The countdown clock is ticking, the panicky last-minute revision reaching feverish levels. No parent currently tiptoeing around snappy, stressed teenagers will need reminding that exam season now looms in England and Wales, or that it’s already under way in Scotland. But if nerves are jangling more than usual this year, both in staff rooms and at home, that’s hardly surprising.
After three years of pandemic grade inflation, caused first by teachers having to conjure up grades and then by exam boards making understandable allowances for what children had been through, this is the year that exam regulator Ofqual finally plans to ratchet GCSE and A-level grades back down to normal (though with some leeway on the borderline). The trouble is that in many schools, normal still feels a very long way off.

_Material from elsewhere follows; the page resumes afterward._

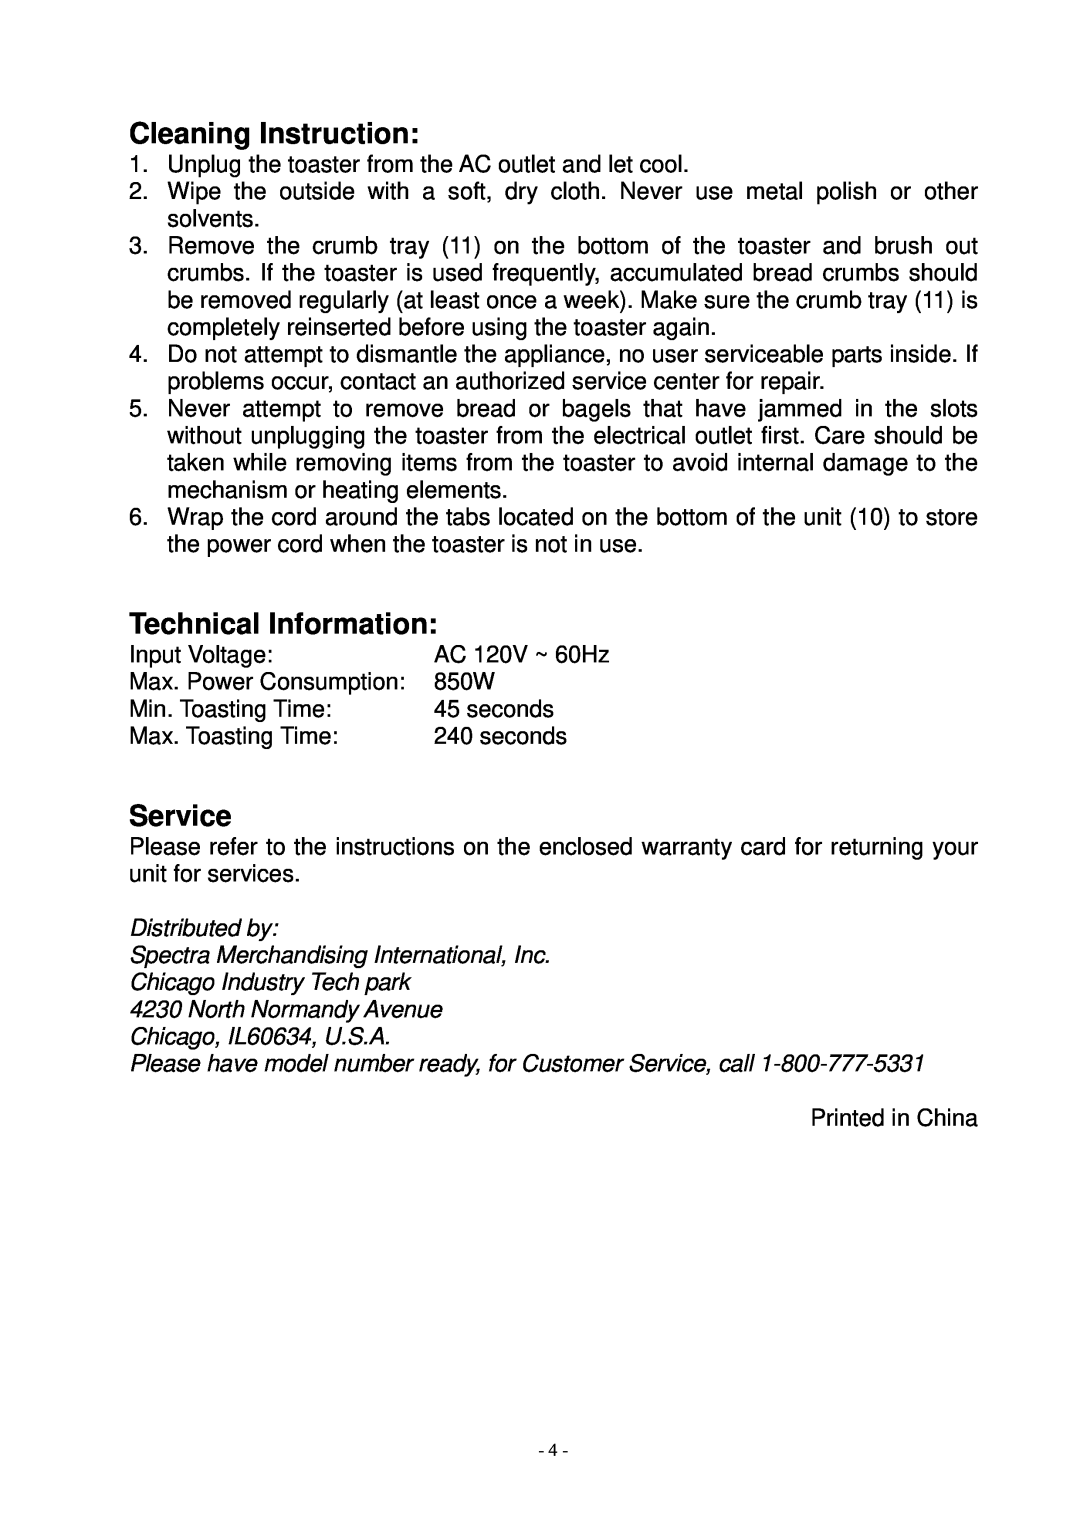 Spectra KT5211 owner manual Cleaning Instruction, Technical Information, Service, Distributed by

The teenagers currently hunched over their revision flashcards have endured years of adults moving the goalposts; shunting them in and out of lockdown, chopping and changing arrangements for exams, promising help to catch up and not quite delivering. Having balked at the £15bn cost of the recommendations of its own “catchup tsar”, Kevan Collins, Boris Johnson’s government sought to fix things on the cheap – but even then, it turns out that a third of the money allocated to its national tutoring programme for extra lessons hasn’t been drawn down. (Heads complain that the platform was difficult to use, didn’t meet their needs or that they couldn’t afford it, with costs part-subsidised by government and schools making up the difference.)
Children have lost further classroom time this year because of teachers’ strikes – although unions have promised to try to protect exam years from industrial action this week and next – and mental health problems are through the roof, with many parents struggling to get help for their children from an overstretched NHS. This year’s results will be a crucial litmus test of what all this turbulence has meant, not just for secondary school pupils sitting formal exams, but for primary schoolchildren doing SATs.
The Northern Powerhouse Partnership, set up to help close the north-south gap, has written to Ofqual pleading for more generous marking this year: the group’s chief executive, Henri Murison, has said heads are now “really worried” about the impact on children’s life chances. The NPP has already warned of a new north-south divide emerging in education, with children having missed more lessons in areas seeing persistently high Covid-19 rates, from Burnley in the north-west to Hull on the east coast. Heads in deprived neighbourhoods are particularly worried that children who became semidetached from school during lockdown and have since fallen farther and farther behind simply won’t turn up to sit their papers.
As one headteacher in a big northern city tells me, it’s increasingly hard to untangle these consequences of the pandemic in schools from a deeper sense of economic gloom. At least in lockdown, he could reassure the kids that it wouldn’t be this tough for ever, and hand out free food parcels. But as Covid-19 has receded, it has become painfully obvious that struggling is the new normal for many families in a cost of living crisis. He sees pupils beginning to question whether working hard for their exams really will pay off, when even people in “good” jobs say they can’t make ends meet. Lately this head spends much of his time battling social media myths that buying bitcoin or becoming a YouTuber are better options than getting good GCSEs.
Even among middle-class parents whose children have every chance of bouncing back, there’s anxiety about them being the guinea pigs for Ofqual’s planned “glide path” back to normal. Will future employers remember, looking at their children’s CVs, which year groups were unusually likely to get A*s and which were bumped back down to earth? Although Ofqual insists it’s taking steps to cushion this year’s cohort from the effects of a return to 2019 marking practices, several summers of uproar over exam results have left many parents distrustful of a seemingly opaque process.
And for sixth-formers making university choices on the strength of predicted A-level grades, there’s an extra layer of anxiety. How reliable can predictions be when they’re made by teachers who haven’t seen a “real” A grade since 2019? If some predictions are wildly out, does that mean a scramble for places in clearing this summer? But as ever, it’s the most vulnerable kids who are at greatest risk in this rocky year, when nobody quite knows what to expect.
After lockdown, there was a brief but genuinely hopeful moment when it felt as if something really could change. Children had been sent home from school largely – though not exclusively – to protect wider society from a virus that rarely kills the young, and that left adults with a profound sense of obligation to make up for everything they had missed. Parents grateful to have had gardens for their stir-crazy toddlers to play in understood as never before how lucky they were, compared with families trapped in overcrowded flats.
There was a wellspring of empathy and goodwill there waiting to be tapped, but instead it’s been allowed to trickle dry, leaving behind a sense of opportunity squandered and a nagging anxiety about the implications for these children as they grow up. If this summer’s results confirm such fears, then we have to be ready to act, before the children of Covid-19 fall any further behind.